On April 7, the Ugandan army launched a two-month operation in the Rwenzori Mountain ranges in Bundibugyo to flush out “criminal elements,” suspected to have masterminded a series of attacks shortly after the February 18 polls in which several people were killed and millions’ of shillings’ worth of property destroyed.

READ: Museveni denies sidelining restive region, but critics say record points to disparities

ALSO READ: Uganda Parliament to probe Rwenzori violence

Without a clearly defined enemy or frontline, the army moved to areas mostly inhabited by the Bakonzo, the dominant ethnic group in the region, who reportedly harbour grudges about being marginalised by successive governments.

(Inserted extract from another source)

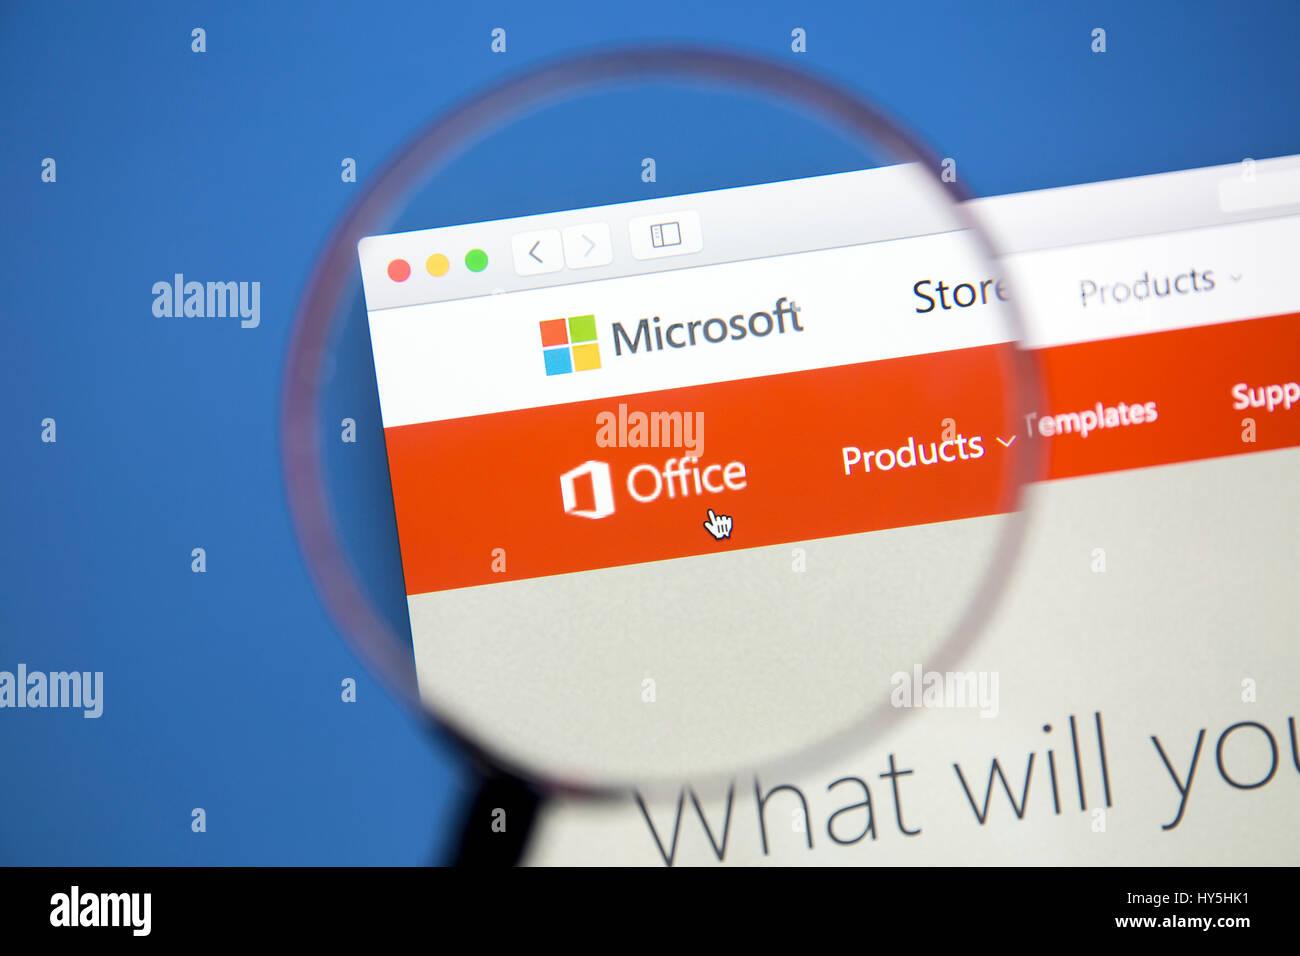 Sitio Web de Office en una pantalla de ordenador. Microsoft Office es un conjunto de aplicaciones de office desarrollada Imagen De Stock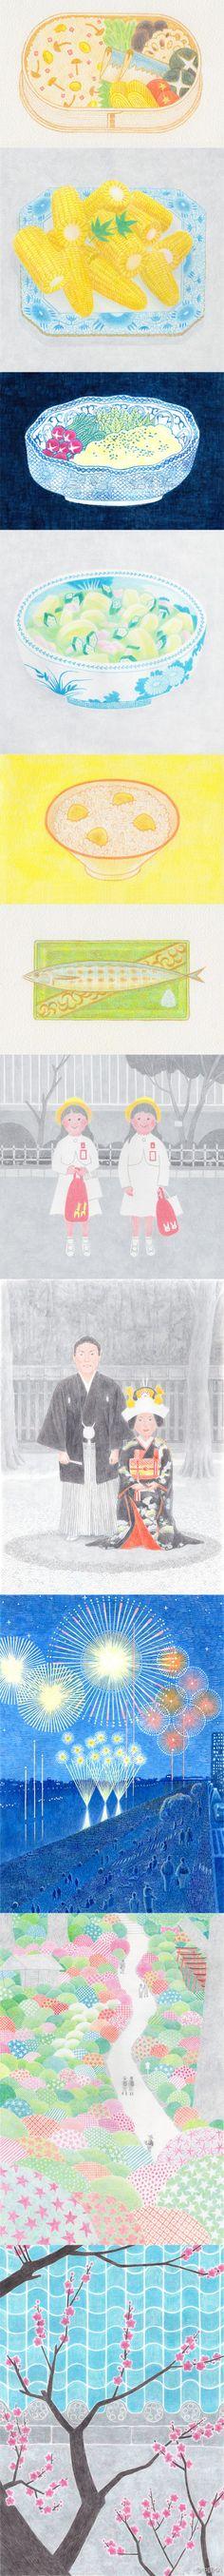 土居香桜里(Doi Kaori)

The army reportedly rounded up some 300 young men, mostly Bakonzo, and bolstering the perception that the military operation was biased against the ethnic group. But the operation’s leaders denied the claims, saying they were not discriminating in whom they arrested since they “fear nobody.”

While it appears that the army has restored sanity in the area, some leaders say there is no way of telling how long the peace will hold. In spite repeated assurances from the army, many people who were displaced by the clashes remain reluctant to return to their homes out of concern that they could be attacked again.

“We are experiencing some peace, but Bundibugyo is like a volcano. When you think there is peace, you don’t know what people are planning in their hearts,” said Alfred Makaasi, a lawyer who is providing legal support to 35 people who were charged with murder, attempted murder and assault relating to the February attacks.